Gardai also confiscated a large amount of beer, cider and vodka from visitors to Portmarnock Beach.

The soaring temperatures this week meant thousands headed for the sea.

“On days like [Wednesday] you can’t try and cater for the numbers of people that were at the beaches in terms of bins,” Fingal County Council’s Paul Smyth said.

“What we would encourage people to do is if the bins are full to take the material they have got and put it in a bag and take it away,” he added.

A Fingal spokeswoman said the council, gardai and Irish Rail meet regularly to develop a coordinated approach to issues on the local 
authority’s 12 strands.

“All Fingal beaches are cleaned by Fingal County Council staff from 6am each morning.

“We always urge people to dispose of their rubbish appropriately,” she said.

“At no time should members of the public leave disposable barbecues, bottles, glass, cans, uneaten food, used nappies etcetera on the beaches, as this type of littering is unsafe and unpleasant for other beach users,” the spokeswoman added.

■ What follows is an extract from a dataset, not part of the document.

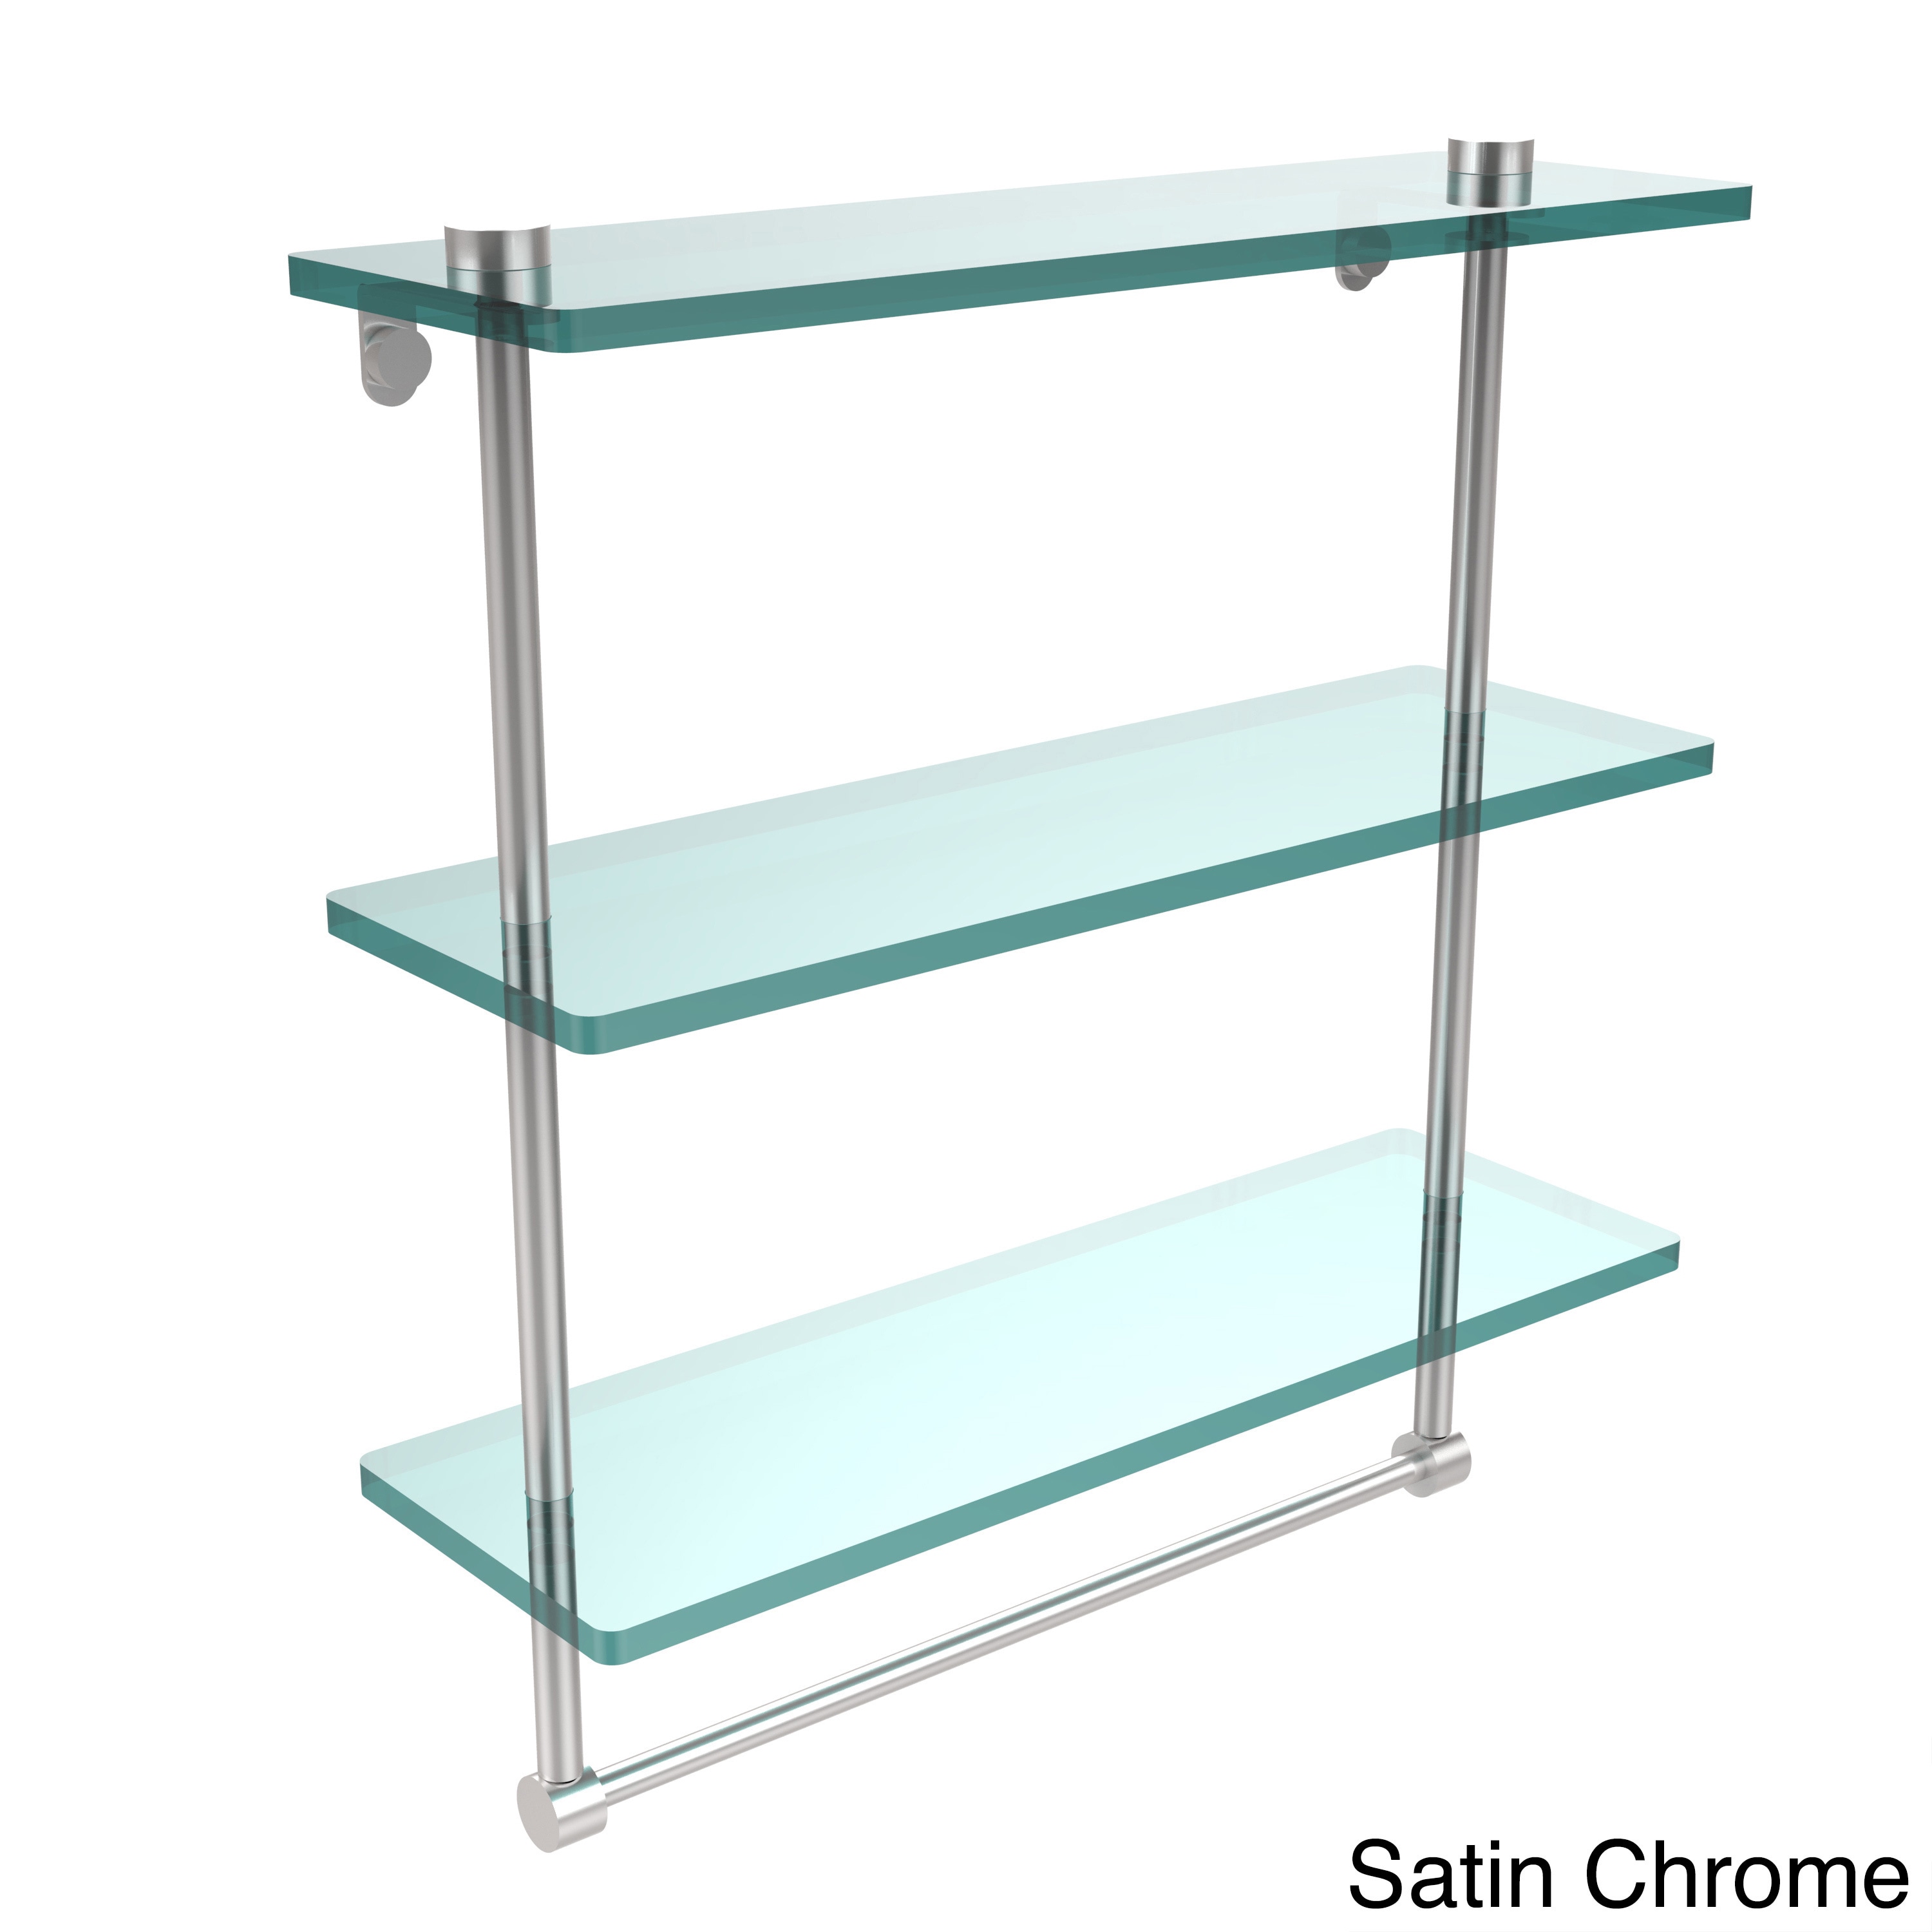 16-in Triple Tiered Glass Shelf with Integrated Towel Bar in Polished Nickel - image 4 of 5

“We ask beach users to behave responsibly, to remove their litter and to show courtesy to other beach users by not leaving the areas dirty.

“Dog owners should note beach by-laws which state that dogs are not allowed on beaches during the bathing hours unless they are on a leash,” she said.

Dun Laoghaire/Rathdown County Council — which maintains five beaches including Seapoint, Killiney and Sandycove — does not count the number of bags removed.

The local authority normally has two to three staff working on beach maintenance, including cleaning, on a typical day during the summer, a spokeswoman said.

“Following the litter on the beaches this morning, the staff numbers increased to seven and there are now 11 people on the beaches cleaning up litter.

“Some of these staff will remain in place until 6.30pm today providing a cleaning service,” she added.

Dublin City Council did not have the information for its beaches at the time of writing.